TY: Besides Allen, the other significant addition the Vikings made was an investment in safety Madieu Williams, whom they felt was an underrated safety with playmaking range. Unfortunately for them, Williams suffered a neck injury in training camp and hasn't gotten so much as a preseason rep. Instead, the Vikings have had to turn to rookie second-round pick Tyrell Johnson, who they like but would rather have learn from the sidelines for awhile.

The main culprit last year, in my opinion, was not being able to get enough of a pass rush with the front four, but then in the opener against the Green Bay Packers they didn't register one sack. Now they get to face Manning? It's a huge concern, and finding a way to get to Manning to at least disrupt him is a focus of the defensive linemen.

They are duly impressed with Manning's ability to get rid of the ball quickly, so they will likely hope to get pressure up the middle — the quickest path to the quarterback, as Kevin Williams likes to say — and hope to knock down a few passes when they can get to him.

EH: Left tackle Bryant McKinnie is out for the first four games of the season after being suspended. How did his replacement, Artis Hicks, look against the Packers, and do you anticipate him being able to handle Dwight Freeney this weekend?

TY: Hicks will be questionable with an elbow injury he suffered in the third quarter on Monday night. He has been wearing a big brace on the elbow and looked ginger while working on a blocking bag in Wednesday's practice.

In place of him, the Vikings used former second-round pick Marcus Johnson. The two strikes against him are that he isn't used to working on the left side of the line and he was a fringe guy at the time of roster cutdowns. It would have been interesting to see if the Vikings would have kept him if McKinnie wouldn't have been suspended.

No question, McKinnie let his teammates down and may have contributed to their loss on Monday. The left side of the line didn't give up any sacks against Green Bay (Cullen Jenkins and Kabeer Gbaja-Biamila), but Freeney is another level of quick. My guess is that they will look to try to use that against him with a big running game.

EH: After Allen, WR Bernard Berrian was the big free-agent pickup for the Vikings, but he and Jackson hooked up just three times on eight targets Monday. Is the toe injury that slowed him in the preseason hampering him, or is there another problem?

TY: I think the toe will be a situation to monitor all year and likely give him problems, but there were two passes to him that could have drawn pass interference — one that did draw the flag. Another pass early in the game he had no chance at. So I think they are getting about what they wanted out of him in a downfield threat. If they can hit on a few balls per game and stretch the field to give Adrian Peterson more running room, they will have accomplished their goal.
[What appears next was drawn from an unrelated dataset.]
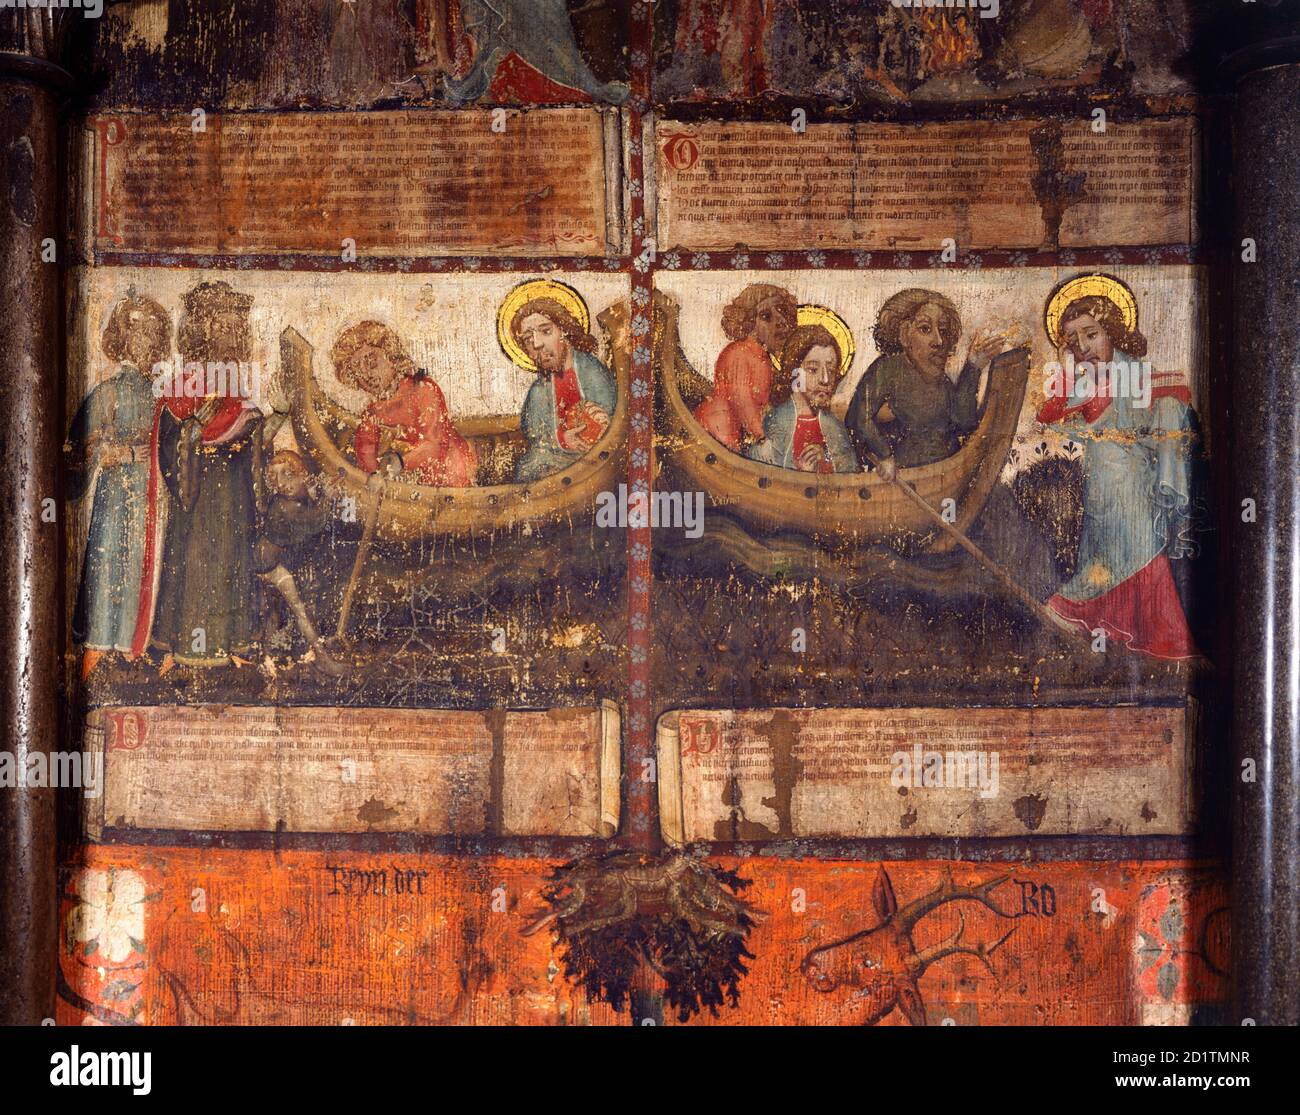 Pittura Murale Medievale Del Xiii Secolo Immagini E Fotos Stock Alamy

I don't see him as an eight-catch-per-game guy, but he should have 4-6 catches a game and a few of those being deep passes.
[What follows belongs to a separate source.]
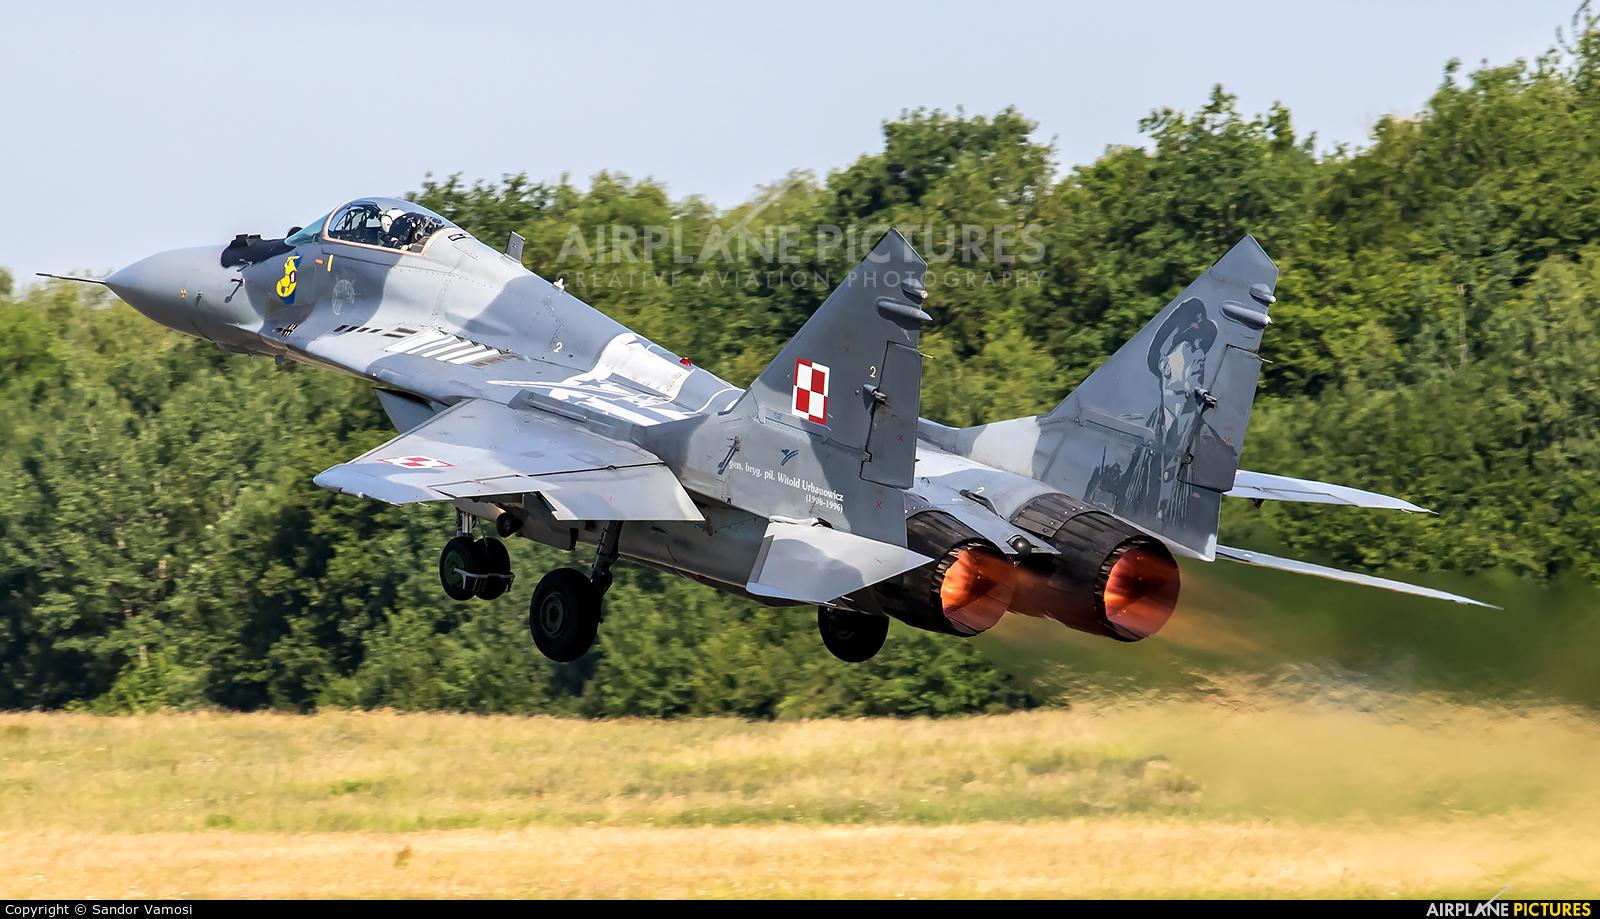 Poland - Air Force 40 aircraft at Florennes

EH: This is a matchup between two teams that figured before the season to be playoff, if not Super Bowl, contenders. Now, the loser is facing an 0-2 start and will be scrambling to make up ground. If this is a "must-win" for the Vikings, what must they do if they hope to win?

TY: While their offense struggled, especially the passing game, I'm not as worried about the offense because I think there are some matchups they can exploit in the running game. However, from a Vikings defensive perspective, this could be their toughest test of the season.

If they are to win this game, it means that they will have somehow limited Peyton Manning's effectiveness, but given the Vikings' defensive ranking last against the pass last year, they are going to have to play above their normal level to get it done. More than likely, that would mean that Peyton Manning still has some rust and doesn't have Dallas Clark. If those two factors go in the Colts' favor, then I think it will be up to the Vikings to create turnovers and try to anticipate a couple of pass plays.

They talk about staying patient and only allowing the short passes in front of them. However, I'm not sure they will be able to hold in that mode as the game progresses. If the Colts can slowly build a lead, the Vikings will be hard-pressed to stay patient knowing that their offense doesn't seem ready to convert comebacks on a consistent basis.